Koru, köşesinde bu belgeyi yorumlarken, benim eski bir yazıma da atıf yapmıştı. Sadettin Tantan, o dönemde Fehmi Koru ile yakınlığımı biliyordu. O kızgınlıkla, “Fehmi Koru’yu kim kullanıyor?” gibi bir cümle kullandı.
Tantan’a, Fehmi Koru’nun kendisini kullandırmayacak kadar tecrübeli bir gazeteci olduğunu ifade edip şöyle dedim:
“Kendisine gelen bir belgeyi incelemiş ve yayınlamaya değer bulmuştur.”
Fehmi Koru, ertesi gün, yani 1 Mayıs 2001 günü, bu Ergenekon belgesine dair bir yazı daha yazdı.

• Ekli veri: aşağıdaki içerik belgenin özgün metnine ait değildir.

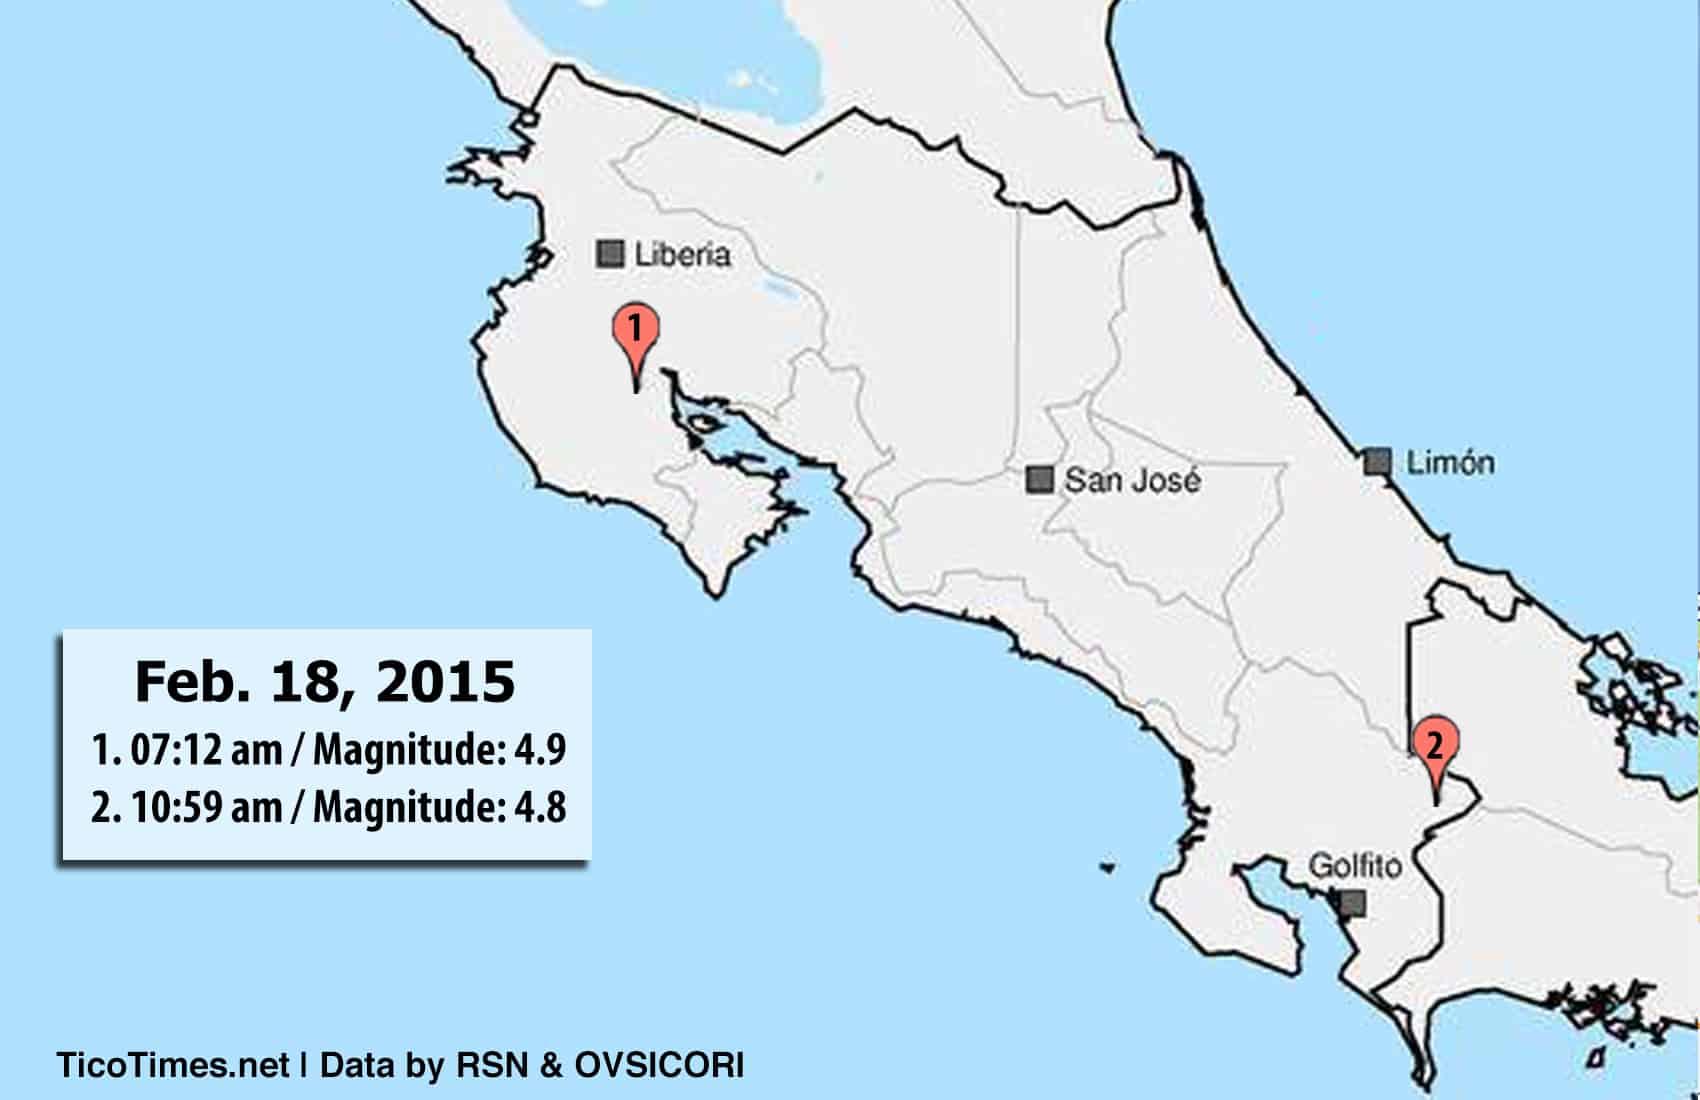 Quakes Feb. 18, 2015

Sadettin Tantan’la bu konuşmamızdan sonra, ben de Ergenekon belgesinin peşine düştüm. Elime ilk önce “Lobi, Aralık 1999” belgesi geçti. 25 sayfalık bu dökümanda Ergenekon’un, “Kemalist bir sivil lobi” teşkilatı kurup sivil hayatı ve ekonomiyi nasıl kotrol edeceği anlatılıyordu. Bir süre sonra, Fehmi Koru’nun yayınladığı “Ergenekon’un yeniden yapılanması” belgesine de ulaştım. O belge de 25 sayfaydı ve girişinde şöyle deniliyordu:
“Bu çalışmanın amacı, Atatürk ilkeleri doğrultusunda biçimlendirilmiş, Kemalizm’in tek, gerçek ve içtenlikli koruyucusu Türk Silahlı Kuvvetleri bünyesinde faaliyet gösteren Ergenekon’un reorganizasyonuna katkıda bulunabilmektir.”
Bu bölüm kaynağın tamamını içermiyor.